Access to Care Still a Burden to Bear

Need to see a dermatologist in Philadelphia? If you are on Medicaid you’ll have to wait a staggering 49 days, according to recent Merritt Hawkins survey. This is no anomaly: Medicaid has earned a terrible reputation when it comes to access to care. Patients find it diffcult to find doctors because Medicaid reimbursment rates are significantly lower than private insurance rates and sometimes lower than the cost of care itself.

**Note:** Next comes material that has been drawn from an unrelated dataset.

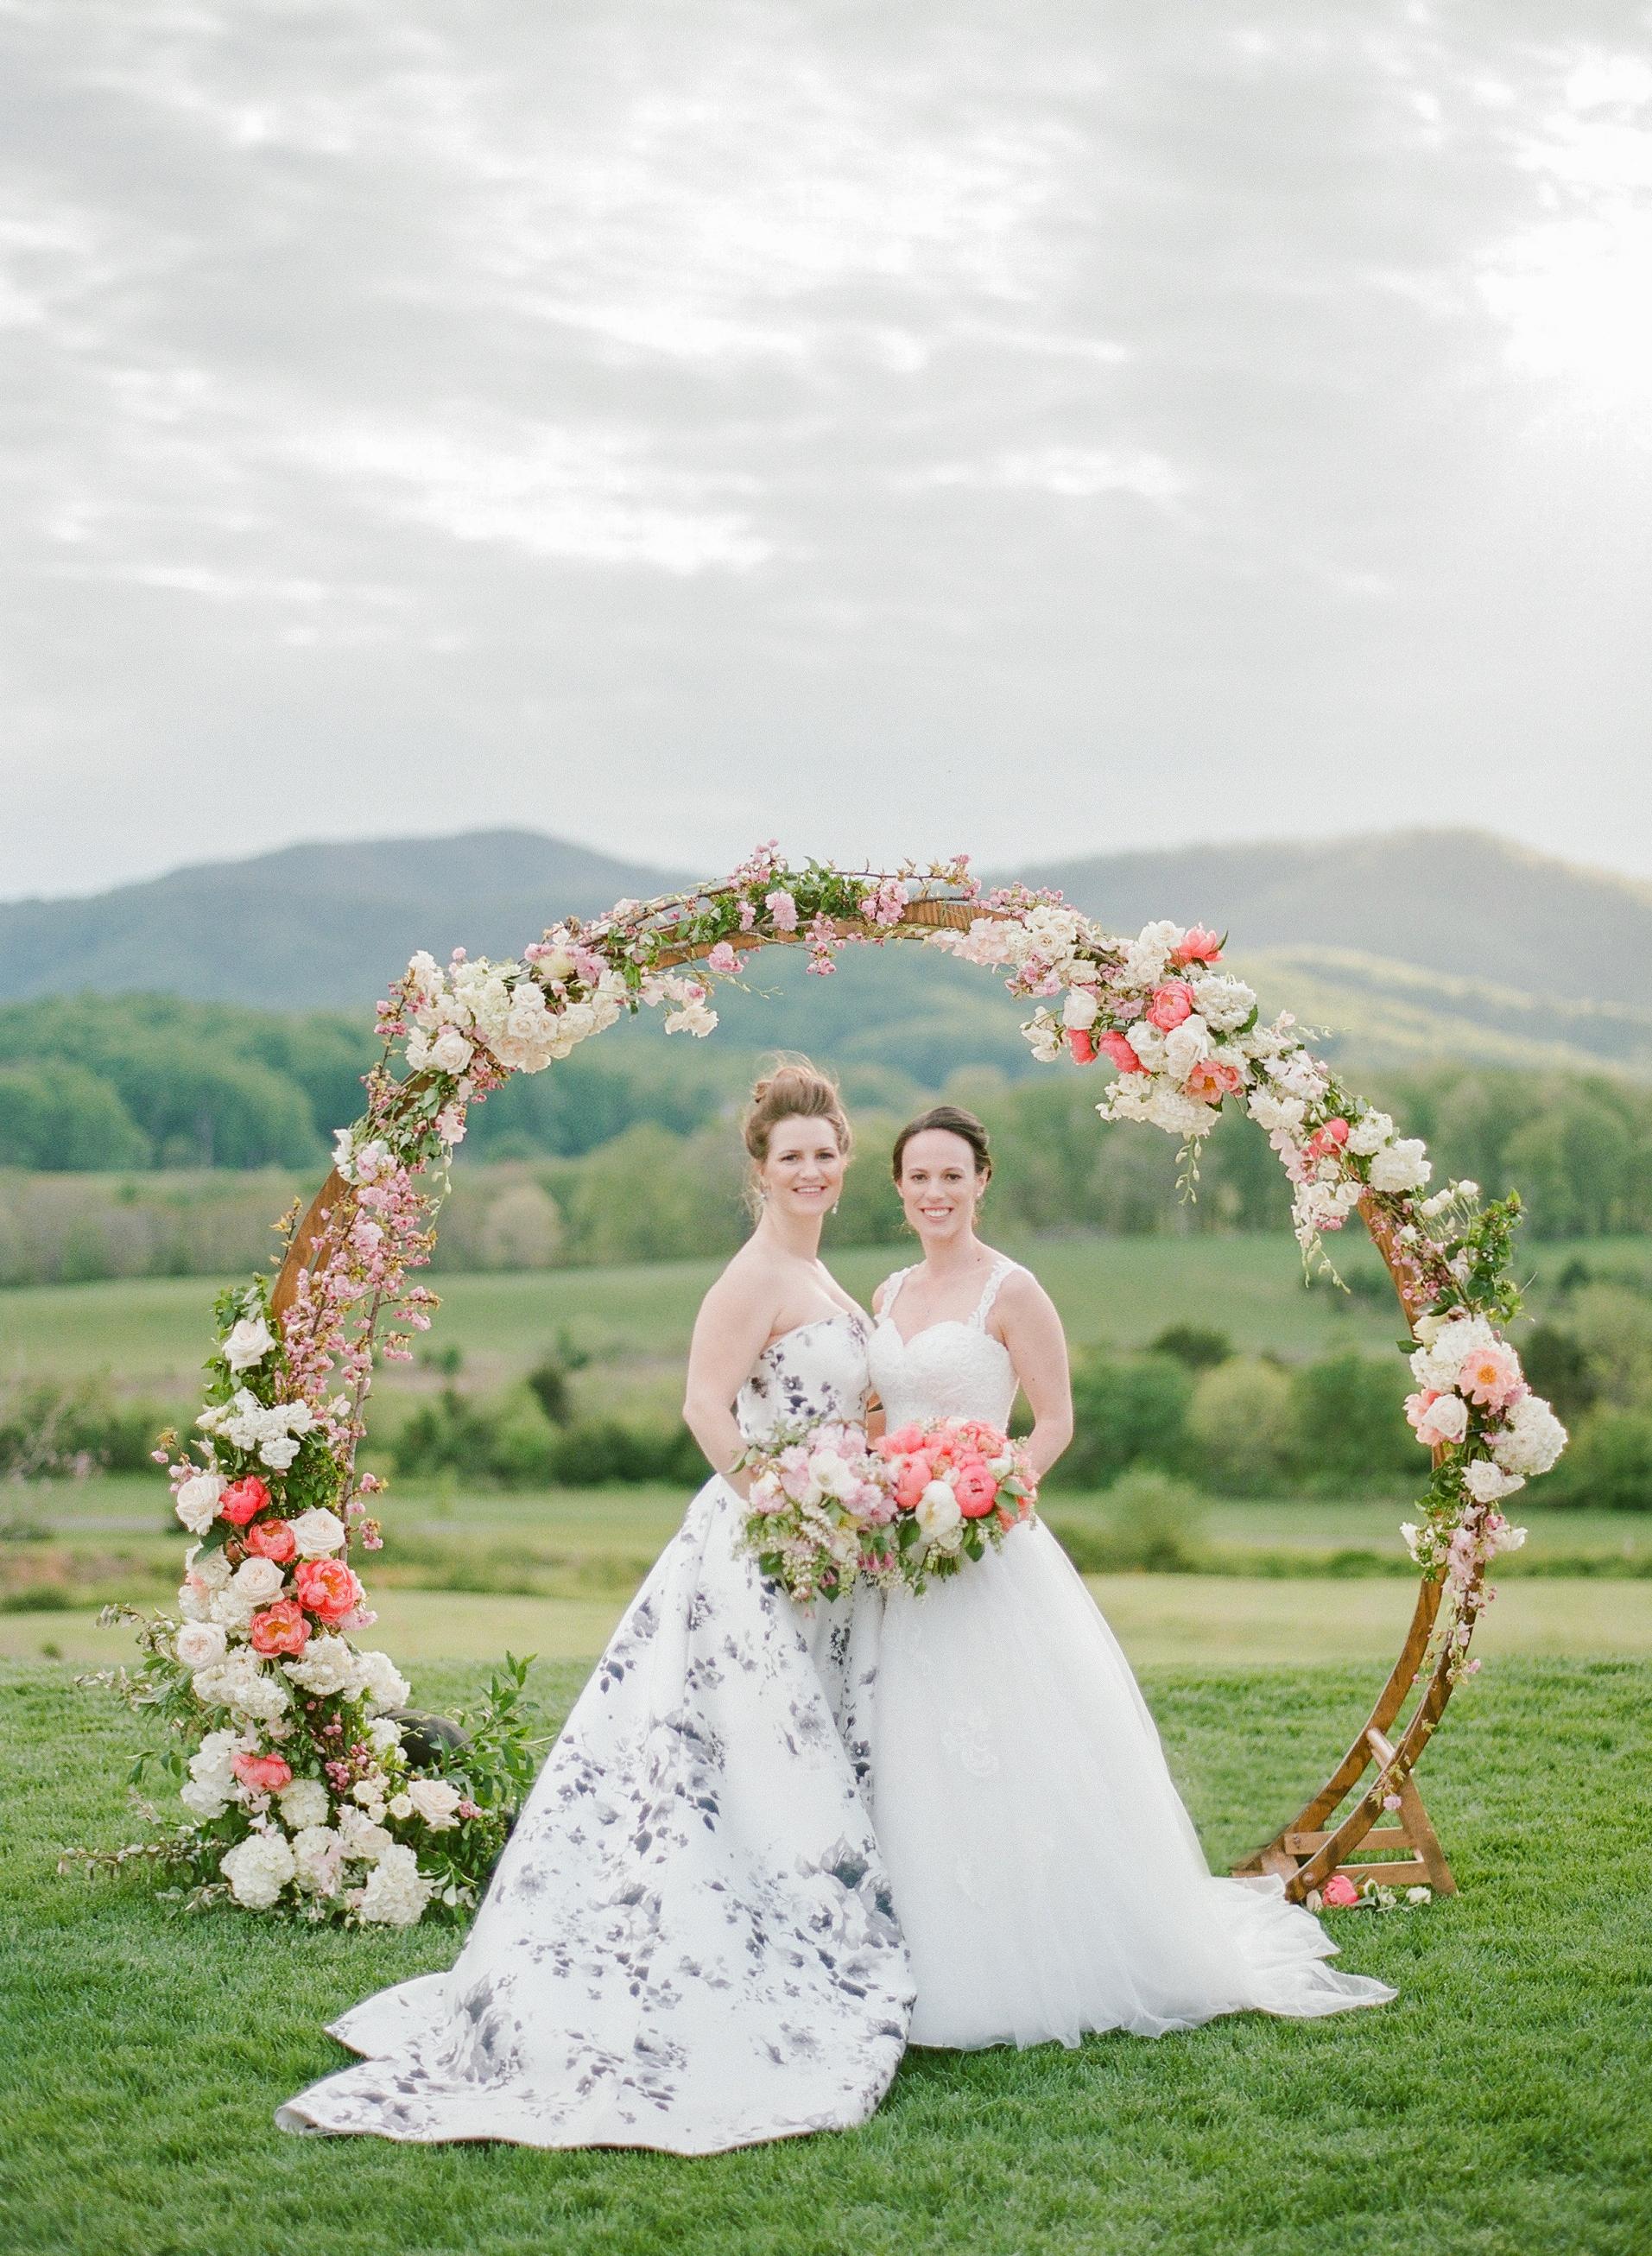 mechelle julia wedding couple brides ceremony arch

Given these issues, it’s of little surprise that insurance companies are having a hard time signing up medical providers for the new Healthy PA insurance plans. Alex Nixon at the Tribune Review explains:

Highmark Inc., the state’s largest health insurer, said it won’t participate in Corbett’s Healthy PA program because it couldn’t sign enough doctors to its network.

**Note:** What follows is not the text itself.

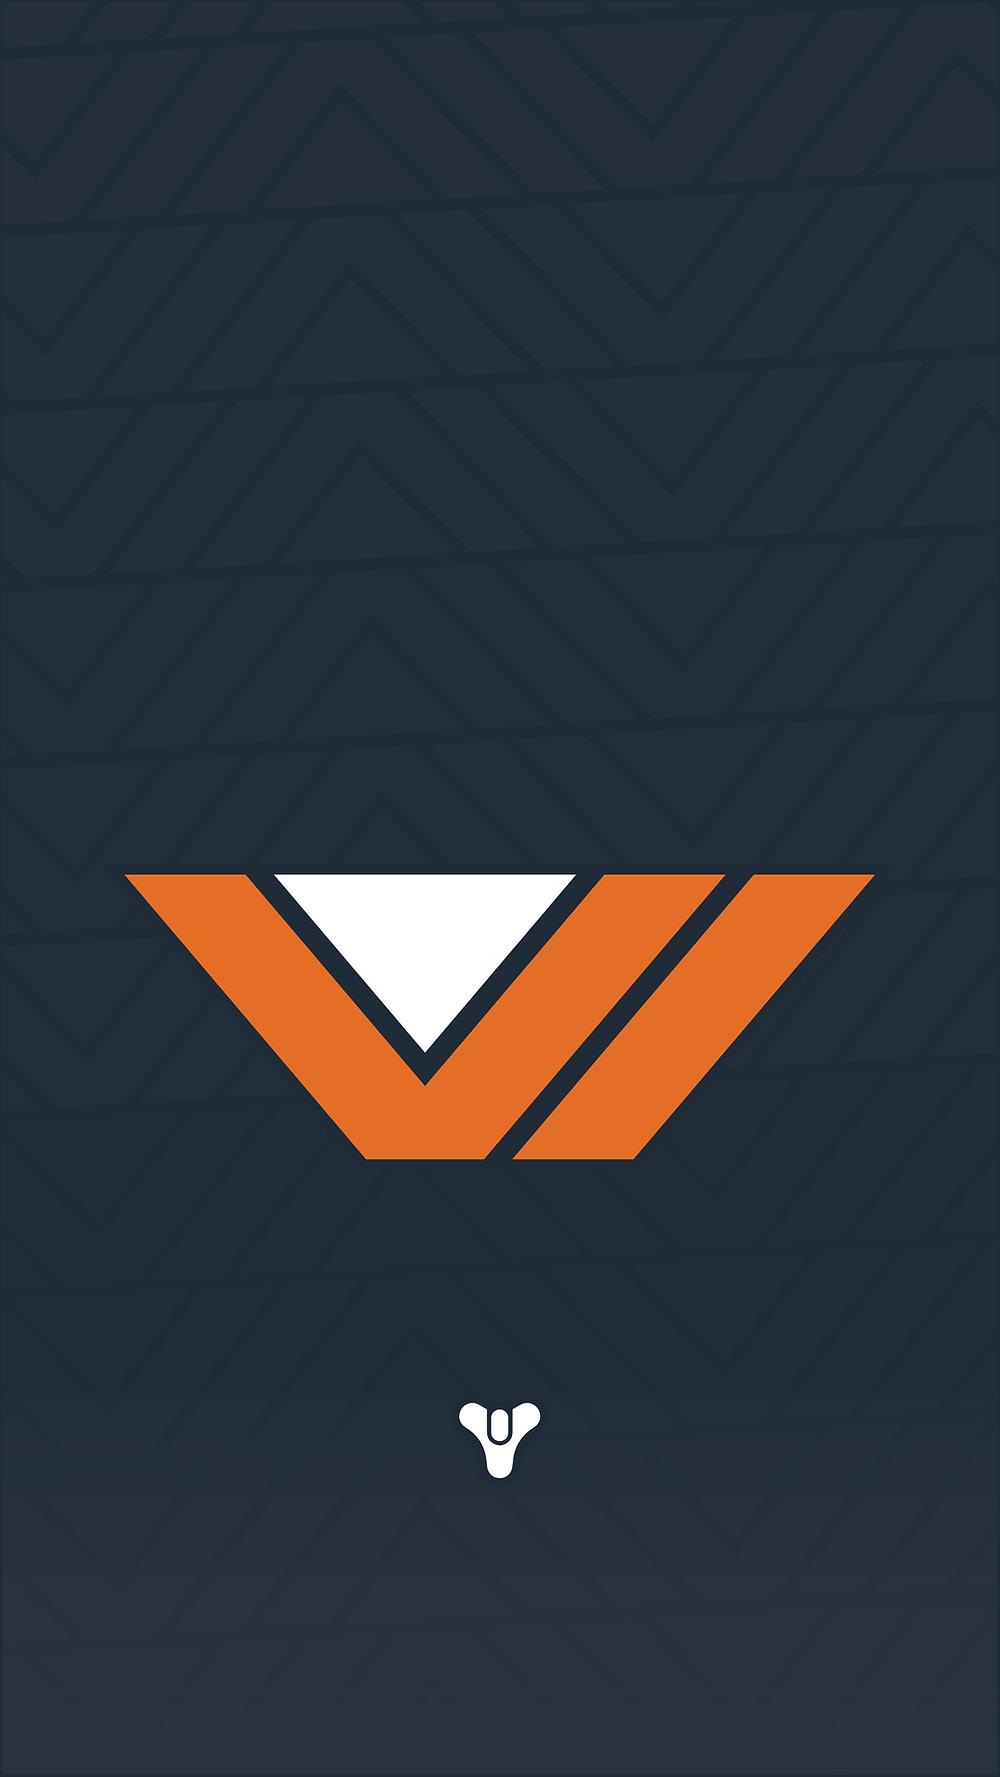 VANGUARD (Dark) - 1440x2560.png

UPMC Health Plan is reducing the number of regions where it is participating from five to four, said John Lovelace, president of the health giant’s Medicaid products unit.

The original Healthy PA waiver asked the federal government to place newly-eligible adults in private plans, with higher reimbursments, paid for by taxpayers. The federal government denied that request. In fact, they denied the vast majority of the administration’s 24 requests to improve Medicaid. Now the state is overseeing the creation of new Medicaid managed care plans, and once again, the federal government is standing in the way of quality care.

Instead of expanding a broken system, Pennsylvania should help expand the supply of providers by incentiving more charity care and loosening licensing laws to allow highly trained providers, like nurse practitioners, open their own offices. This is how we can truly improve access to care for needy Pennsylvanians.